Sample	Milk (n = 3)	Nonsolvent Method Total Lipid Fraction (n = 3)		Solvent Extraction Free Lipid Fraction (n = 3)
	(TEAC/mLmilk)	(TEAC/mLmilk)	(TEAC/gextr.fats)	(TEAC/mLmilk)	(TEAC/gtotalfat)
Bovine	48.04 ± 11.04	0.26 ± 0.10	16.66 ± 0.02	0.35 ± 0.02	72.91 ± 0.02
Goat	40.16 ± 5.96	0.28 ± 0.06	16.88 ± 0.04	0.28 ± 0.07	41.18 ± 0.07
Soy	40.25 ± 5.06	0.30 ± 0.08	16.11 ± 0.09	0.24 ± 0.11	38.26 ± 0.09
Rice	20.11 ± 3.06	0.21 ± 0.05	35.00 ± 0.06	0.25 ± 0.08	47.17 ± 0.04

).

Among the raw milks, the rice one seemed to have the lowest antioxidant capacity. By comparing the TEAC values obtained by the lipid fractions from 1 mL of milks with and without the use of solvent, a higher antioxidant effect was noted for bovine and rice milks, comparable to goat milk, and a lower effect for soy in the lipid fraction obtained with solvent than in the one without solvent. Considering the TEAC values for the g of extracted fats, the fraction obtained with solvent had a higher antioxidant activity than those obtained without solvent.

2.4. Modulation of Caco-2 Cell Viability by Animal and Vegetable Milks as Assessed by an MTT Assay

To study the biological effects of the tested animal and vegetable milks, we first analyzed their ability to modulate Caco-2 cells’ viability after an inflammatory stimulus. After preliminary tests to select the right dose and timing (data not shown), we treated Caco-2 cells with both animal and vegetable raw milks (Figure 4a), their total lipid fraction (Figure 4b), and their free lipid fraction (Figure 4c) at a dose of 25 µg/mL, at basal condition, and 48 h after LPS stimulation. As shown in Figure 4a, the reduction of the cell viability induced by LPS relatively to the unstimulated samples was prevented when Caco-2 cells were treated with goat and soy raw milks compared to untreated cells and to cells treated with bovine and rice raw milks (Figure 4a; statistical analysis: a). Moreover, vegetable raw milks lead to a slight reduction of the cell viability relative to unstimulated control cells at basal conditions (Figure 4a; statistical analysis: b). On the contrary, only goat milk showed a pro-proliferative effect both at basal conditions and 48 h after LPS stimulation compared to unstimulated and LPS-stimulated control cells (Figure 4a; statistical analysis: b and c).

As regards the effect of the total lipid fraction of commercial animal and vegetable milks on Caco-2 viability, only goat milk induced a mild reduction of the viability at basal conditions relatively to the unstimulated control sample (Figure 4b; statistical analysis: b). This effect is even more pronounced after LPS stimulation for all the tested milks compared to the corresponding unstimulated samples (Figure 4b; statistical analysis: a), especially with goat and soy milks, for which a significant reduction in cell viability relatively to the control LPS-stimulated sample was detected (Figure 4b; statistical analysis: c).

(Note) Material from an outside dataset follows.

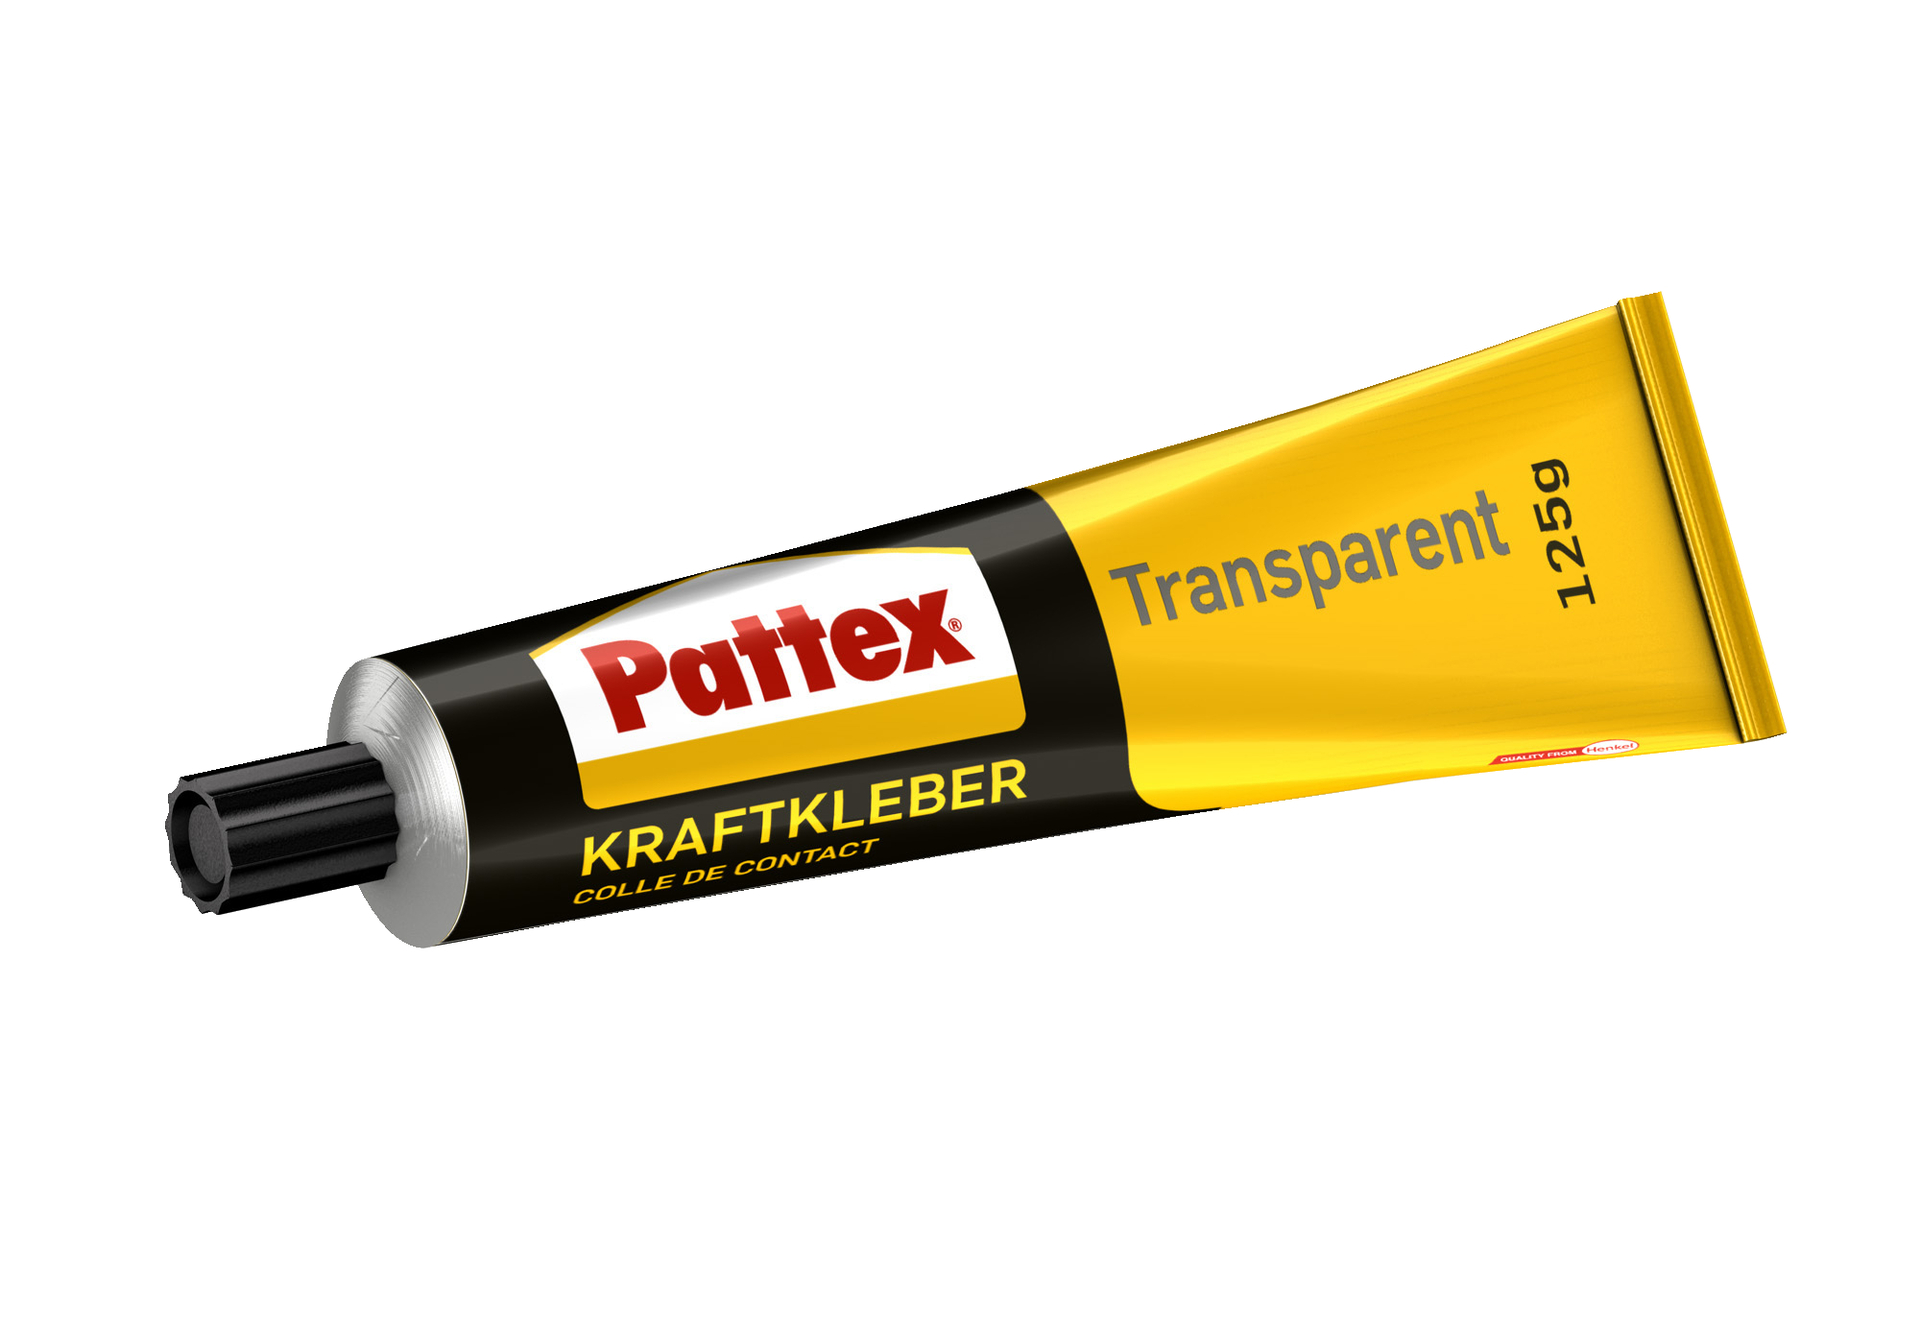 Pattex transparent

The free lipid fraction from both the animal milks and soy milk induced a reduction of Caco-2 cell viability only after LPS stimulation relatively to the corresponding unstimulated sample (Figure 4c; statistical analysis: a). This effect was also significant when compared to the control LPS-stimulated sample, but only in the case of the free lipid fraction from bovine milk (Figure 4c; statistical analysis: c). No reduction in the cell viability induced by the free lipid fraction from rice milk was detected. Moreover, the effect of the free lipid fraction from animal milks, but not from vegetable milks, seemed to be mediated by the solvent used in the extraction protocol (Figure 4c; statistical analysis: d), although the solvent per se only slightly reduced the cell viability at basal conditions relatively to the unstimulated control sample (Figure 4c; statistical analysis: b).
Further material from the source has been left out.